The likelihood of environmentally motivated migration depends on social, economic, political, and cultural conditions (Bernzen et al., Citation2019). However, the same objective conditions may lead to different migration decisions, as people appraise environmental risks differently. Recent explorations of environmental migration highlight the importance of climate change perceptions and related subjectivities to mobility (Czaika & Reinprecht, Citation2022), including people's views on their own agency, risk tolerance, and personal migration thresholds (Adams & Kay, Citation2019; Wiegel et al., Citation2019). These critical perceptual factors must be accounted for meaningfully to evaluate future mobility decisions (migration and non-migration). In addition to the role of environmental perceptions, more research is needed to understand how the type, extent, and frequency of environmental events may influence mobility decisions.

To begin to address this research gap, this study investigates the effect of extreme environmental events on mobility motives against a selection of key factors influencing migration aspiration. We ask: How does the migration aspiration of people at risk vary based on the type of extreme environmental event they perceive or experience? In response to this question, we conducted an empirical survey and collected qualitative and quantitative data in five villages in the southwest coastal region of Bangladesh.

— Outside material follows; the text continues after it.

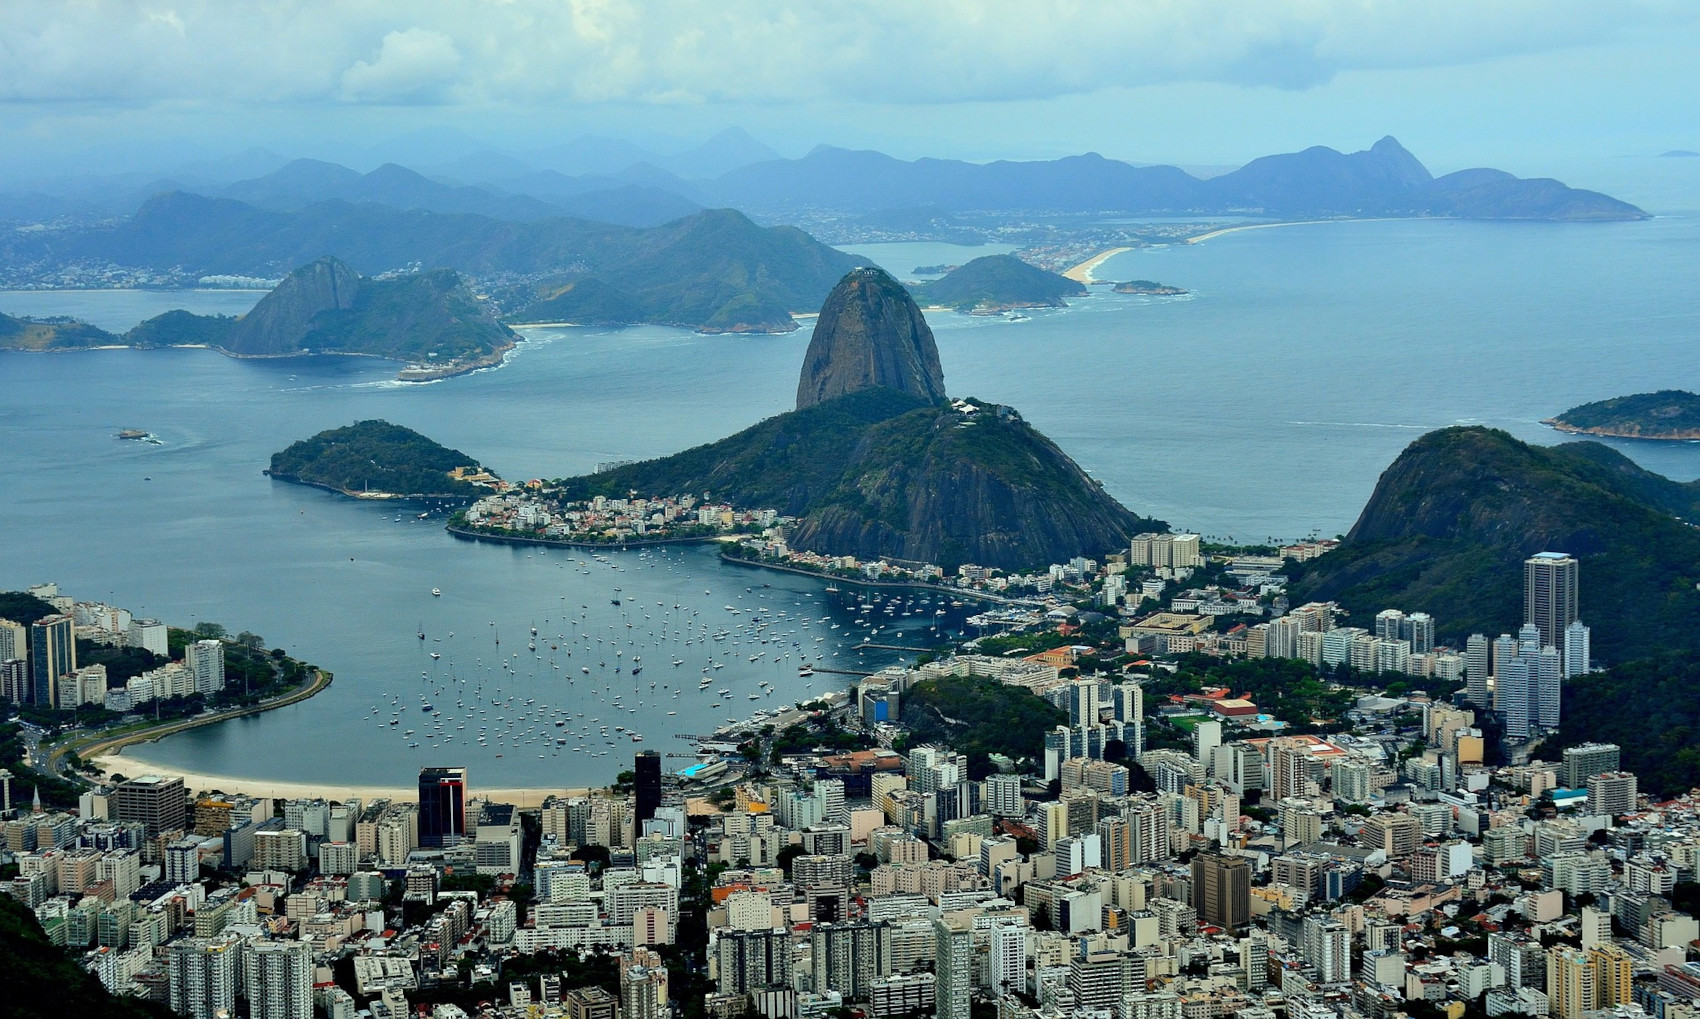 Rio de Janeiro - Image by Chulhwan Yoon from Pixabay

Natural hazards in this region are divided into two main categories, (1) rapid-onset such as storms, cyclones, and floods, and (2) slow-onset such as salinity, riverbank erosion, and siltation. Our analysis shows that the type, severity, and frequency of such environmental events interact with socioeconomic conditions to influence people's future migration motivations.

2. Literature review & analytical concept

2.1. Environmental (non-)migration discourse

Environmental hazards and climate change affect human mobility in multiple ways. They can broadly be divided into four outcomes: (1) forced migration, (2) involuntary non-migration, (3) voluntary migration, and (4) voluntary non-migration (Mallick & Schanze, Citation2020). When the effects of a natural hazard coerce migration by rendering a household's current living place insufficient to sustain life, and when these households cannot adapt in place due to lack of capability, the resulting movement is known as forced migration (Adger et al., Citation2021; Cattaneo et al., Citation2019; Hodgkinson & Young, Citation2009). Low-income families may face forced migration after natural hazards as existing inequalities make them especially vulnerable to hazards and less able to adapt or recover. In Bangladesh, forced migration is more frequent after cyclones and other rapid-onset hazards that abruptly destroy livelihoods or property, precluding the possibility of staying in place (Mallick & Vogt, Citation2014). Meanwhile, migration decisions caused by a slowly changing environment more often arise deliberately and gradually as people begin to feel that their living environment is depleted and livelihood opportunities are declining. Those who willingly migrate in the face of this kind of environmental change are considered voluntary migrants. As salinity increases in coastal areas of Bangladesh, many people who can afford to do so are slowly moving away or converting to more salinity-tolerant occupations like shrimp farming or saline-tolerant rice and vegetable cultivation (Chen & Mueller, Citation2018).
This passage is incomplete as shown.